Note that for the special case of n = 1 (corresponding to N_p = 4, quadrupole field), the term $({\rho }_i^{-2\left(n-1\right)}-1)/\left(n-1\right)$ must be replaced by its limit 2ln(1/ρ_i), and for n = 2 (N_p = 6, hexapole field), the term $({\rho }_i^{-\left(n-2\right)}-1)/\left(n-2\right)$ must be replaced by ln(1/ρ_i). For each field type, the R_sp decreases as ρ_i is reduced because both field and field gradient (for N_p ≥ 6) get smaller with approach to the axis; the increase in volume as ρ_i approaches zero is more than offset by the greatly increasing migration time. This is not a serious problem because even at ρ_i = 0.4 the volume V of the annular vessel is already 84% of the total internal volume V₀. A factor that must be taken into account when comparing R_sp for different axisymmetric fields is that B_o will be different for each case. This B_o does not correspond to a position close to the magnets but to a position just inside the vessel wall, and B decreases more rapidly for the higher order axisymmetric fields.

MAGNET AND VESSEL DESIGN

The external diameter of the vessel was selected to match that of a 50 mL conical centrifuge tube, fixing the aperture diameter at 1.17 inch (29.8 mm). For reasons explained in the Supporting Information, the aperture was circled by ten 0.5-inch diameter cylindrical magnets mounted on a supporting structure, allowing 0.030 inch spacing between the aperture and the magnets. The spacing between the magnets was 0.035 inch. The cross-section of the arrangement can be seen in Figure 1. Two concentric circles are drawn in the figure within the array of magnets, the outer corresponding to the aperture in the supporting aluminum plates, and the inner to the inner wall of the vessel.
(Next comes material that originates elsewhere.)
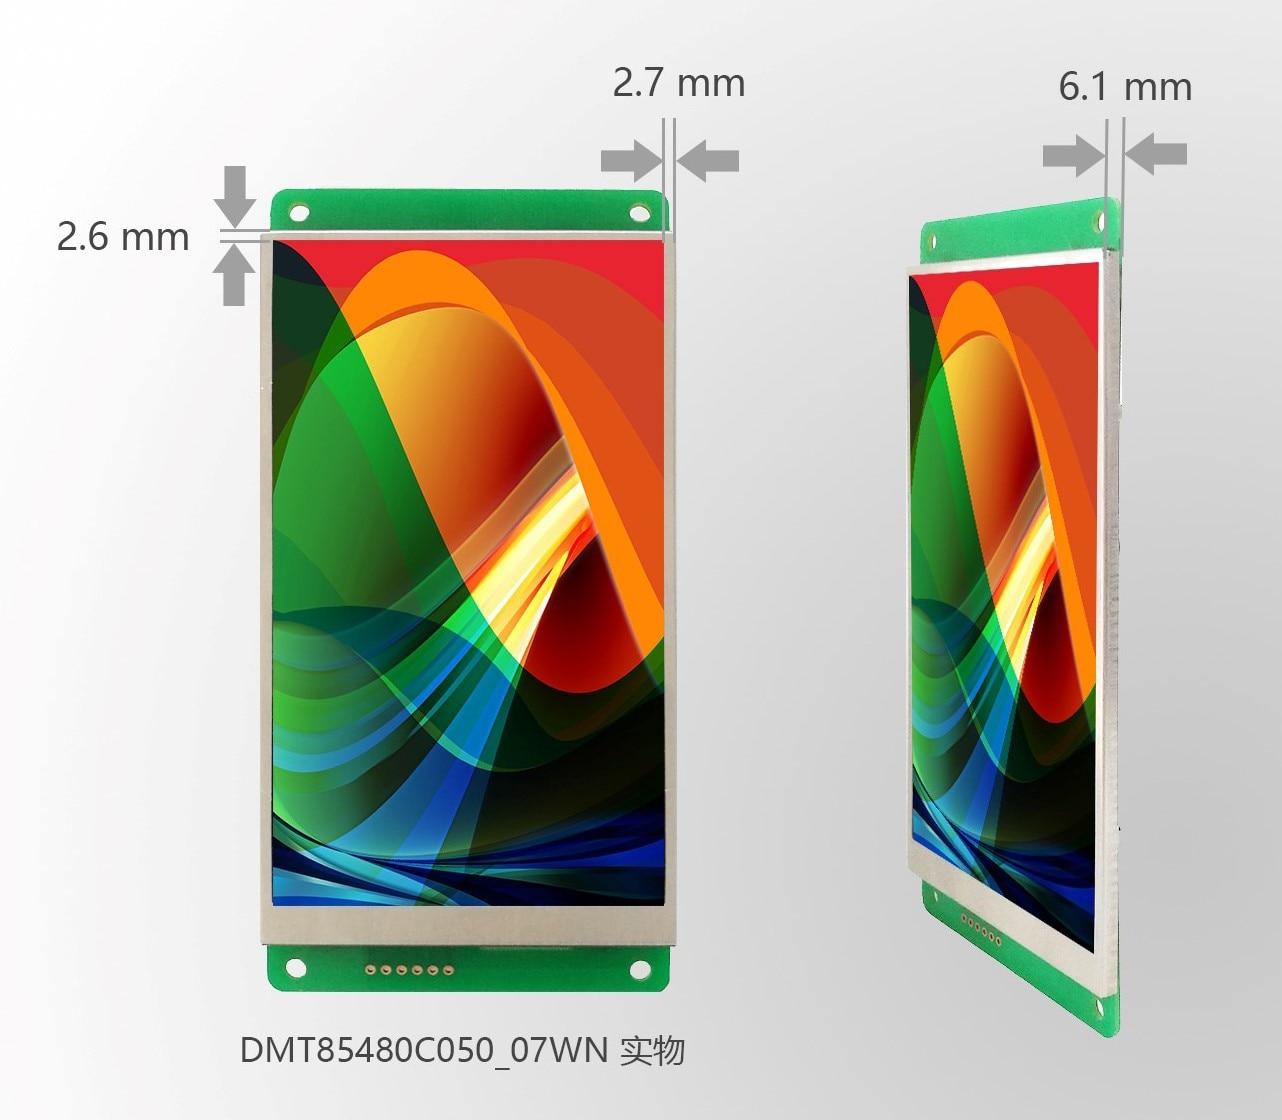 DMT85480C050_07W DMT85480C050_07WN/T DWIN 5 Inch Serial Screen DGUS II Narrow Frame IPS Screen Capacitive Touch Screen

Figure 1 also shows predicted field lines for the magnets oriented to generate a hexapole field (calculated using Finite Element Magnetic Modeling, FEMM, by Meeker²⁴ with the 40 MGOe magnet properties of the included materials library). The six internal and fourteen external poles are apparent. Figure 1 also shows a color contour map of this predicted hexapole field and the axisymmetric nature of the field is clearly seen. There is a small periodic variation of predicted B with θ that is most pronounced close to the magnets. This is explored in more detail in the Supporting Information (see Figures S2 and S3).

Figure 1.

Model of hexapole field generated by circular array of ten cylindrical magnets predicted using FEMM software package.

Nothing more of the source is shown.